Okay so there are a bunch of registers, and eax is not one of them… GREAT! This is because the x86 architecture has been through a lot, way back in the day (early 70s) Intel released their 8008 CPU that had some 8-bit registers with names like A (for Accumulator).

When Intel got to the 8086 in the late 70s they made the A register twice the size (16-bits) and started calling it the AX register. To help with software compatibility with older system the AX register could be used as an 8-bit register with AH representing the higher 8 bits and AL the lower 8 bits.

Then the mid-80s showed up and Intel was like MOAR BITS and released their 80386 that had 32-bit registers, now they refer to the A register as EAX (there’s our guy!), again preserving backward compatibility by allowing the 16 and 8 bit registers to remain the same. Now-a-days our 64-bit processors are king, so we have the 64-bit register RAX, but can still use EAX, AX, AH, and AL.
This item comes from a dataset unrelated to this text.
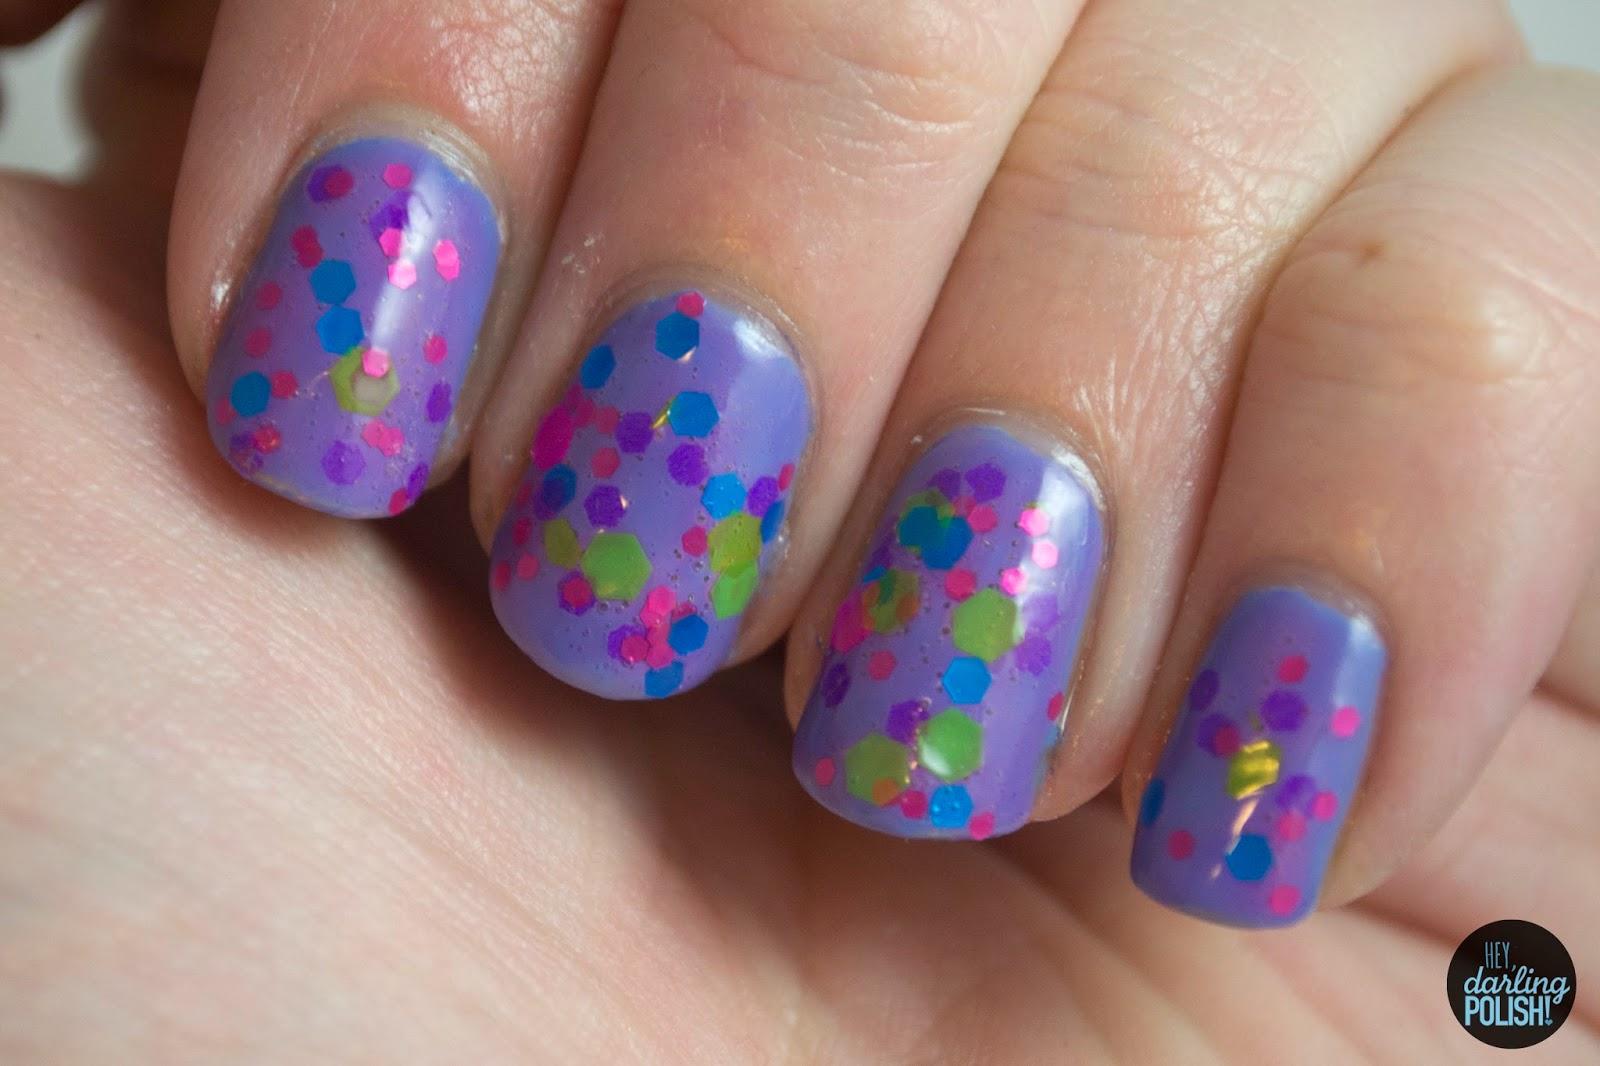 glossome polish, indie, indie polish, indie nail polish, swatch, hey darling polish, purple, girly things,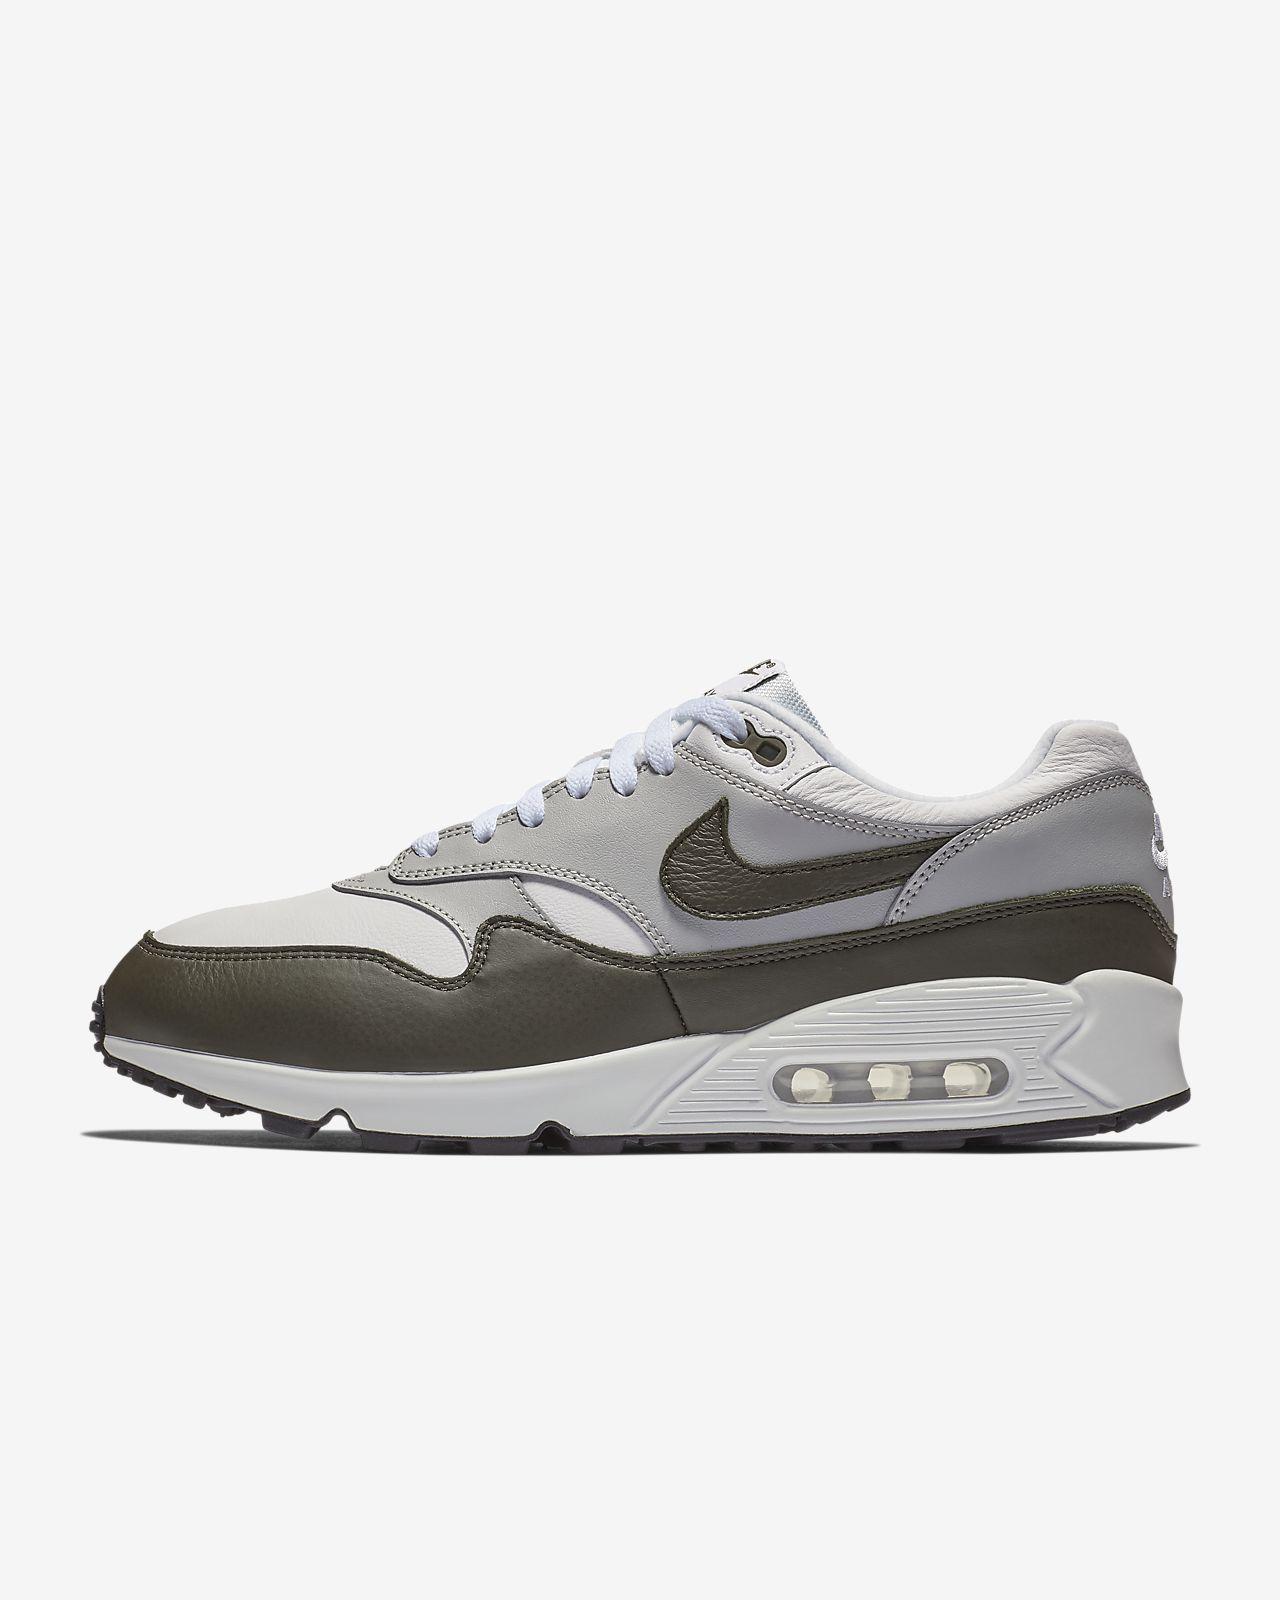 quality design f3e2b d8fb5 Men s Shoe. Nike Air Max 90 1

All that history lesson to give full context on why mov eax, <stuff>  is going to modify our rax register!

Now, to run just that one instruction, I’ll use the nexti command. I’ll then check the registers again with the shorthand version of info registers and just look at the eax register: i r eax

If I continue my program, I’ll notice that this number correlates with something in my program.

The eax register is getting set to the i value I’m setting during my for loop!